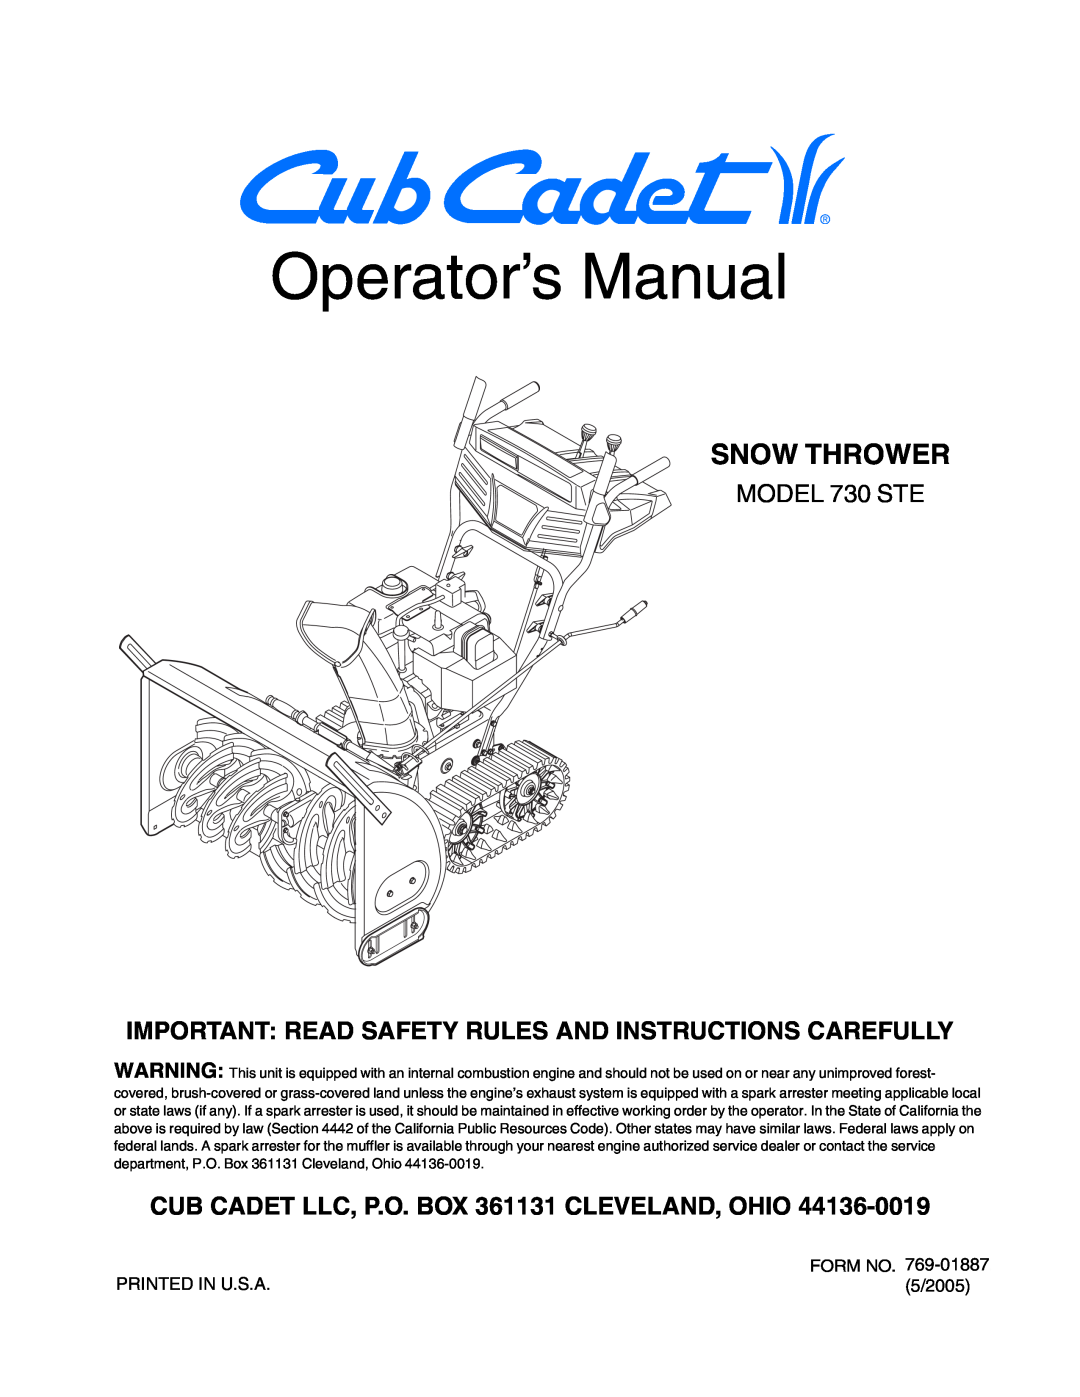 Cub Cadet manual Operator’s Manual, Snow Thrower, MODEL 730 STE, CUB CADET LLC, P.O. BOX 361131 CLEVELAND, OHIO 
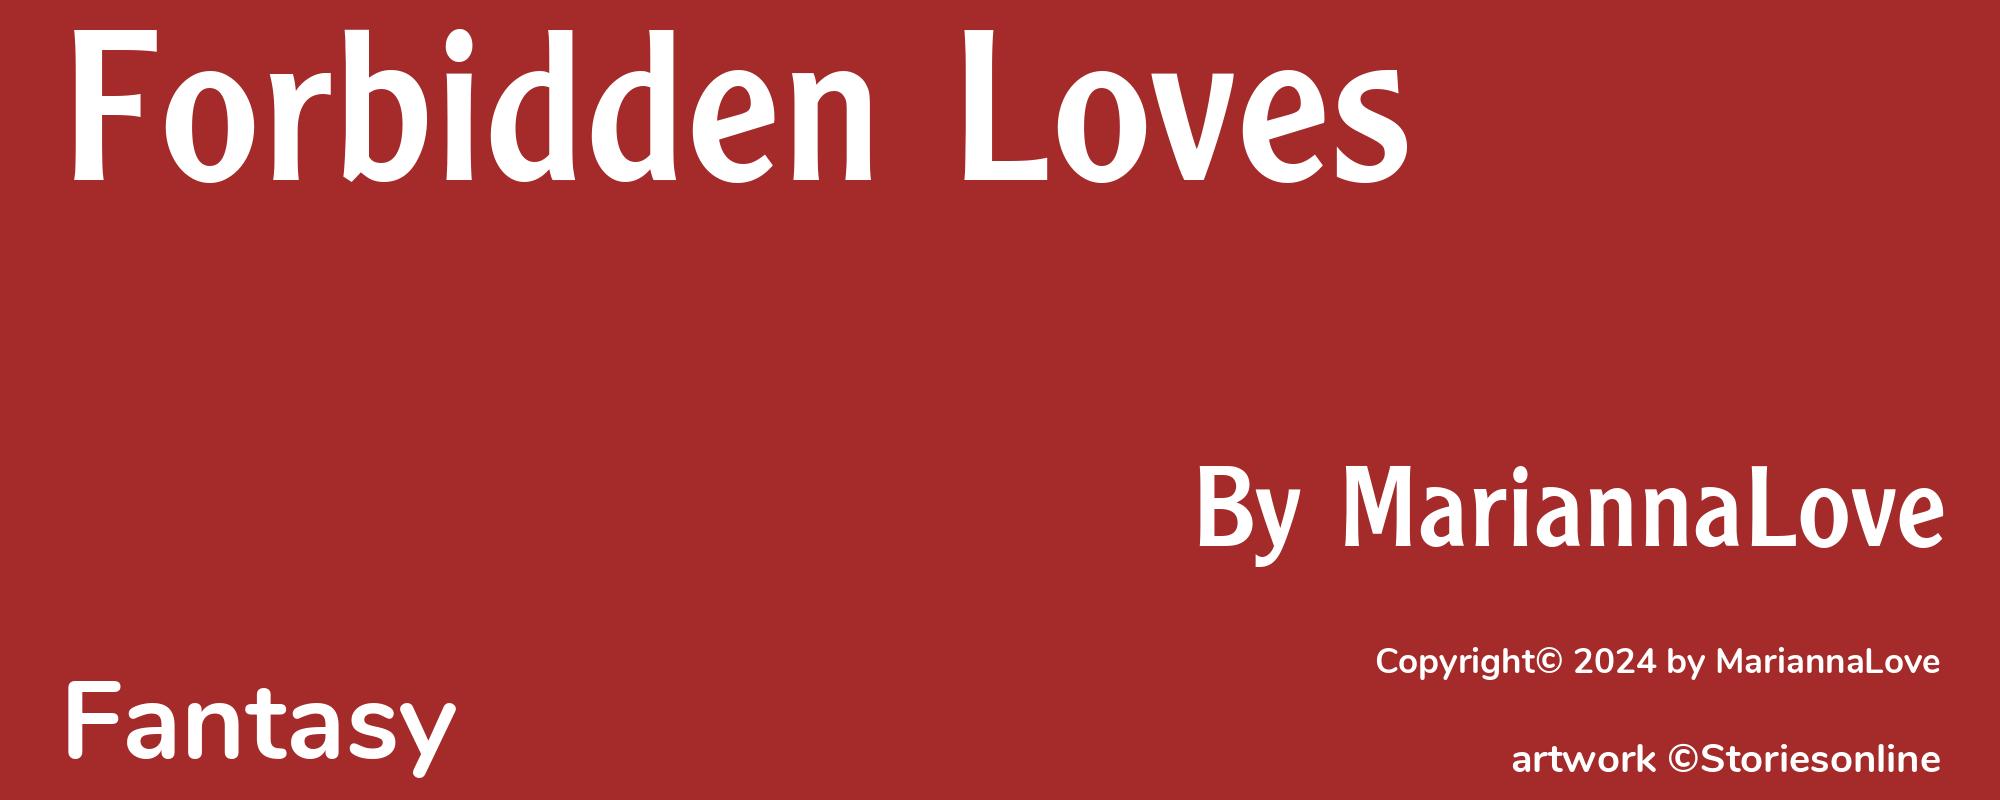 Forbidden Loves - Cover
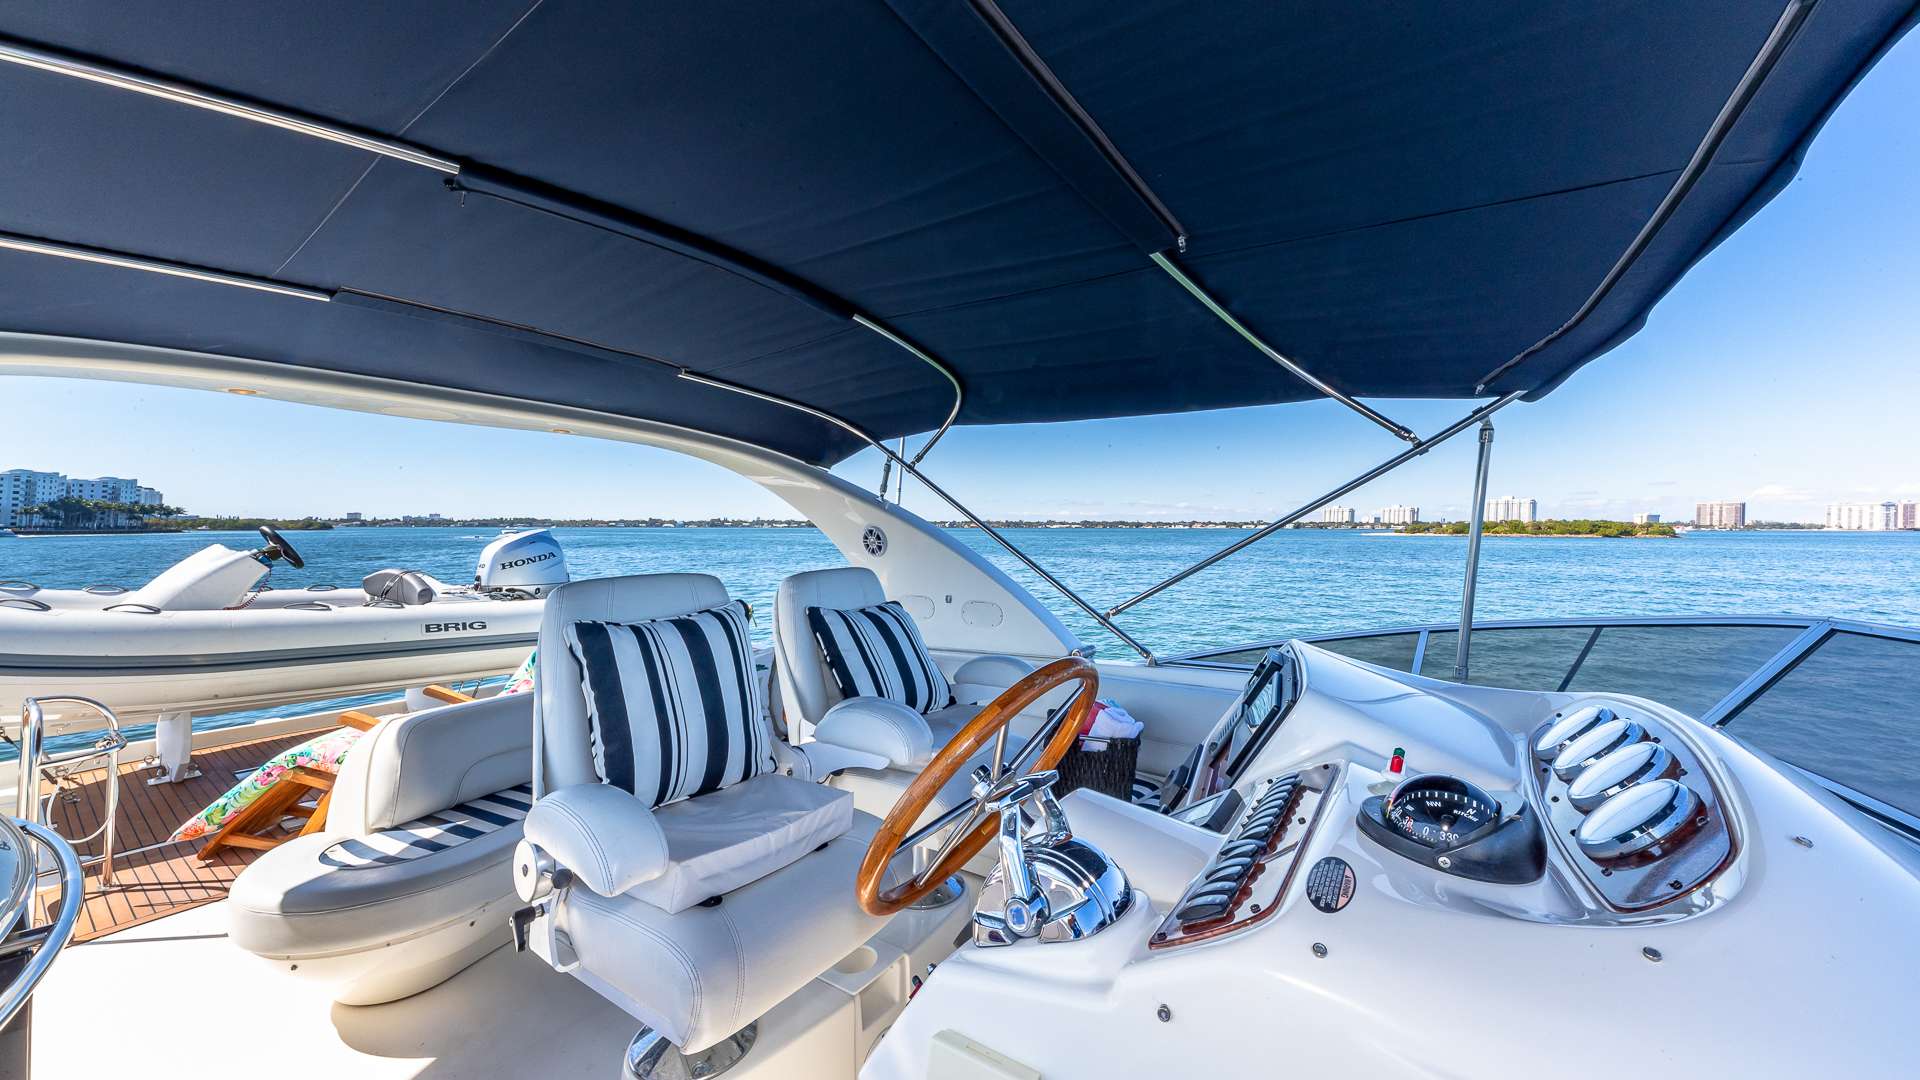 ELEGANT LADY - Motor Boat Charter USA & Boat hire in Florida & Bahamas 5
● ● ● ●
The response must match the listing exactly, except that pictures are removed.

Response to this task:
 Cub Cadet manual Operator’s Manual, Snow Thrower, MODEL 730 STE, CUB CADET LLC, P.O. BOX 361131 CLEVELAND, OHIO 
 Forbidden Loves - Cover
 ELEGANT LADY - Motor Boat Charter USA & Boat hire in Florida & Bahamas 5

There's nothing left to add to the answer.